* **HOW TO COMPLETE THIS TASK**:
In the listing below, find the line with "Surprise 60th Birthday Party Invitations" and copy every line from there up to and including the line with "Surprise 60th Birthday Invitation", exactly and without pictures.

* **DATA EXCERPTS**:
[Start of section]
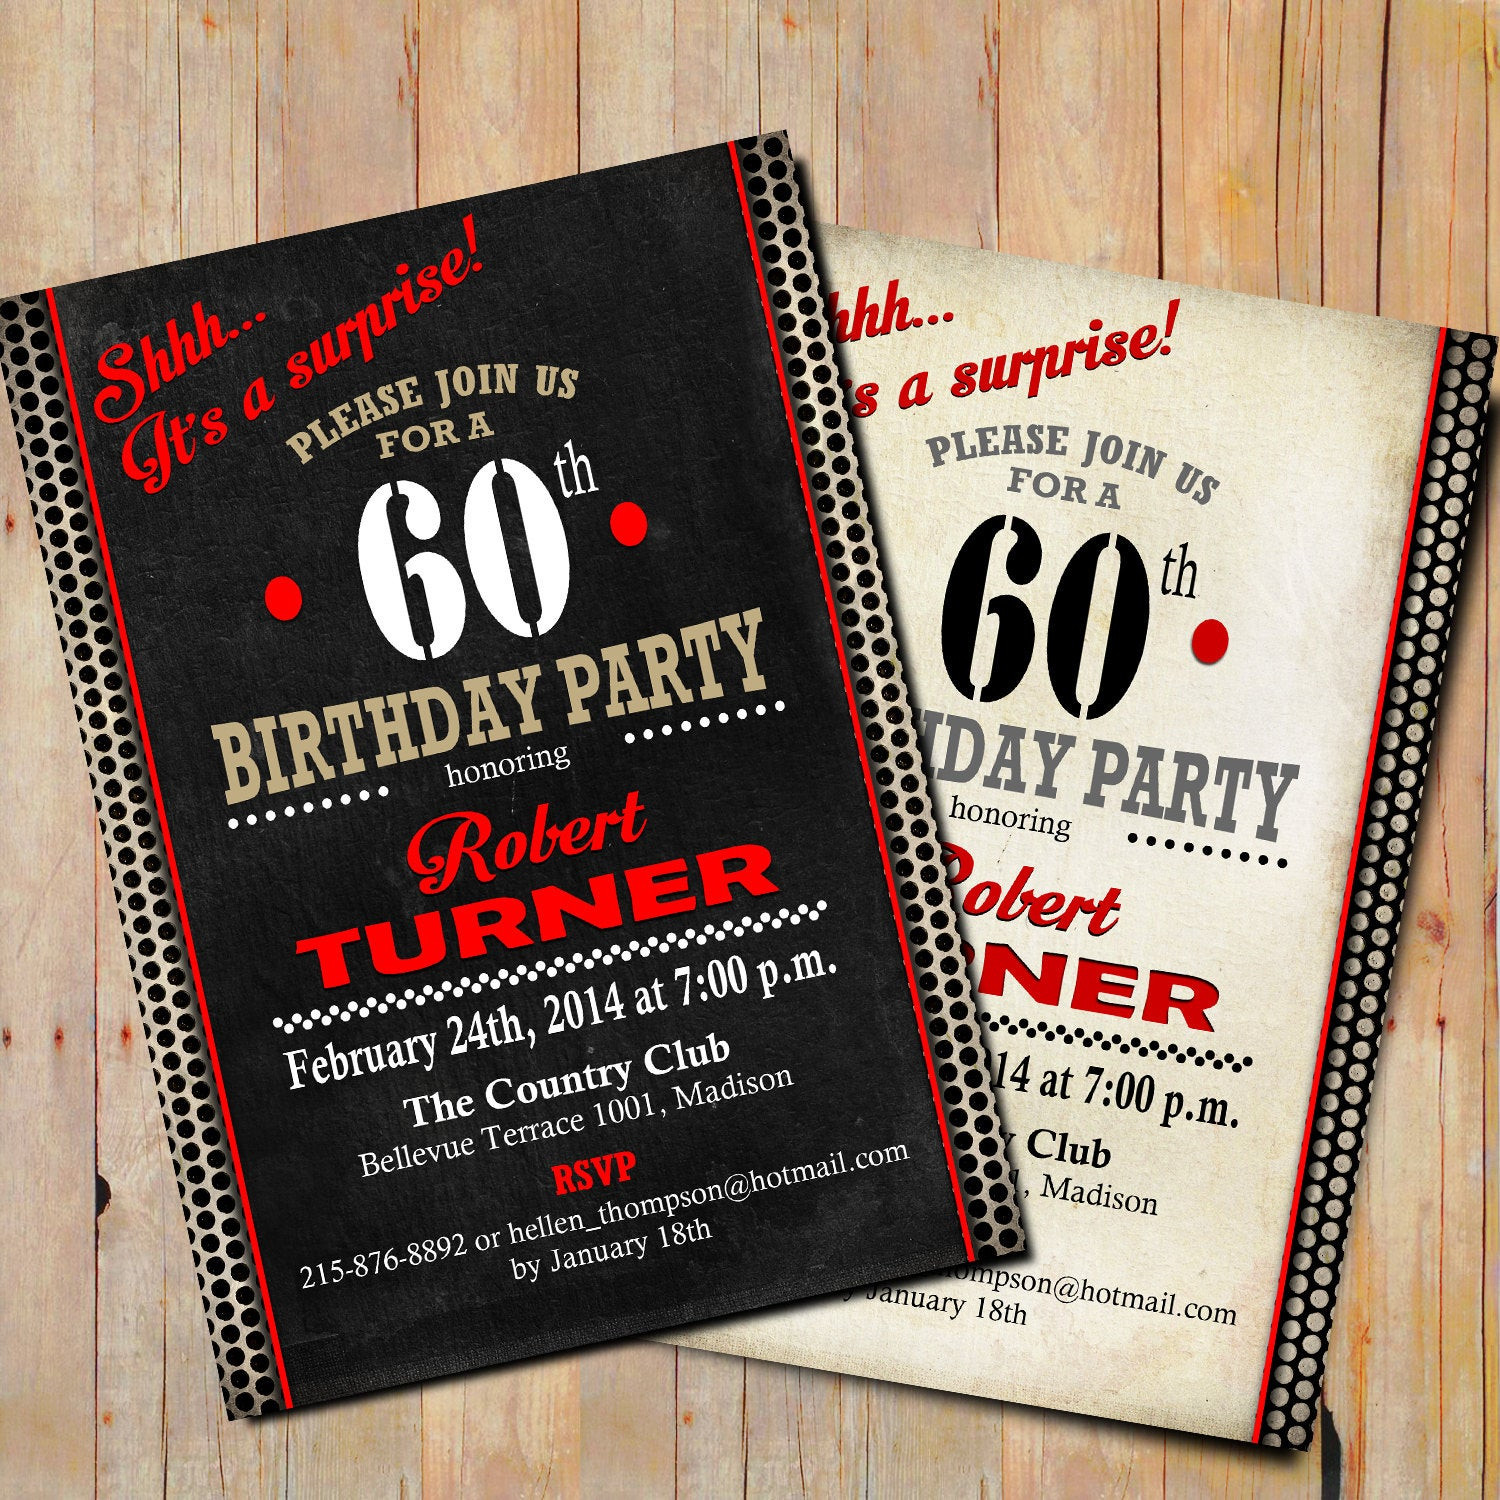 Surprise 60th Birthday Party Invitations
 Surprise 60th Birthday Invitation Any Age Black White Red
[End of section]
[Start of section]
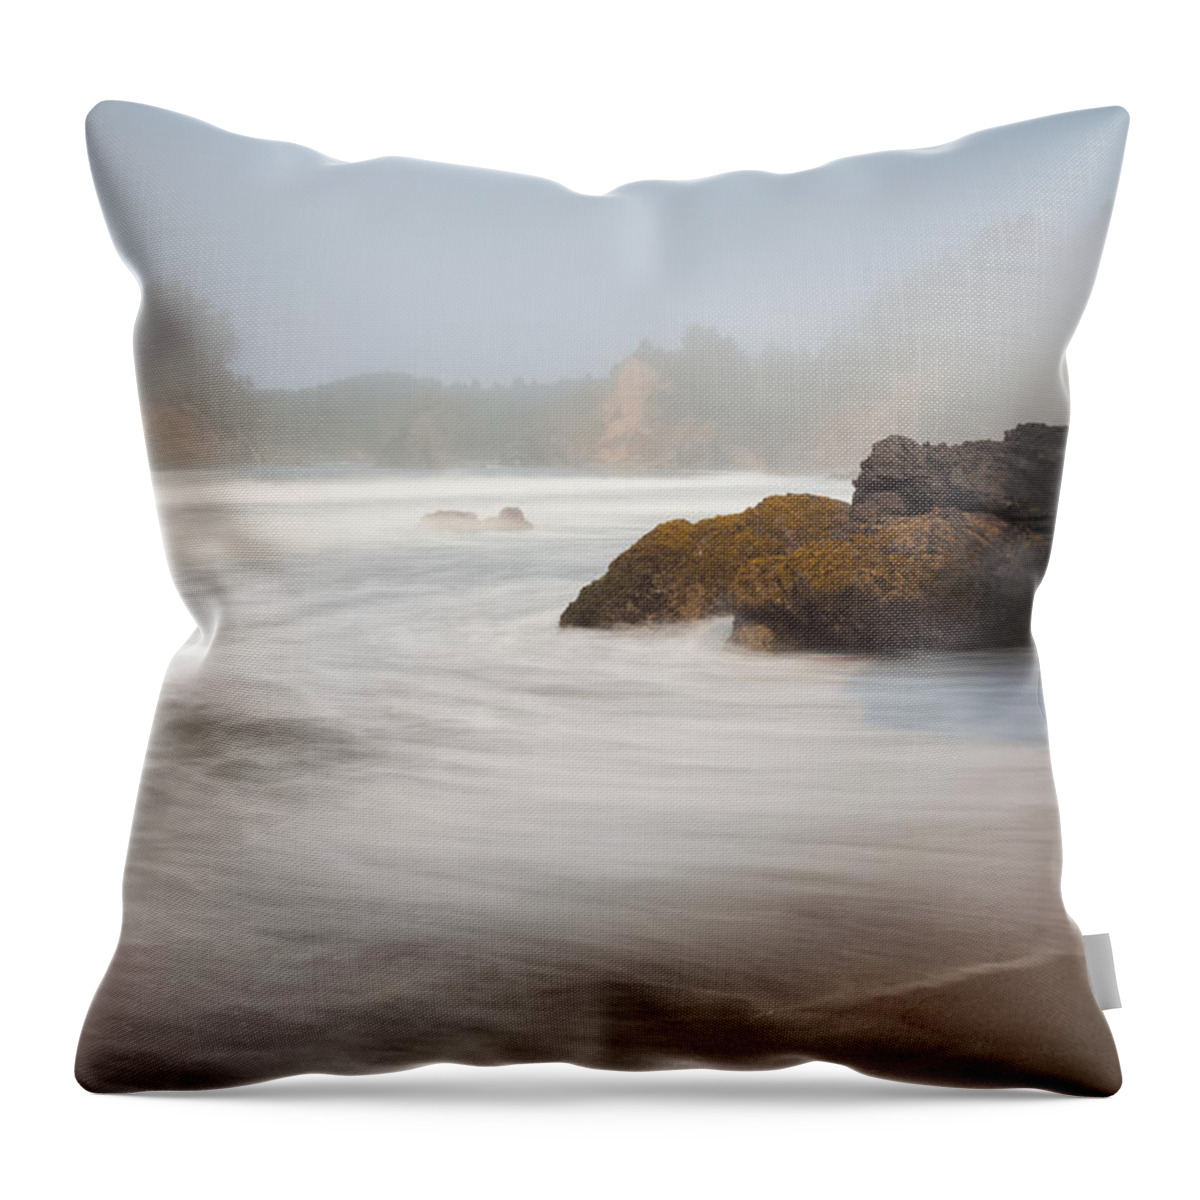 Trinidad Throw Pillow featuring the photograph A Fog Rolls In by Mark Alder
[End of section]
* **SOLUTION FOR THIS TASK**:
 Surprise 60th Birthday Party Invitations
 Surprise 60th Birthday Invitation Any Age Black White Red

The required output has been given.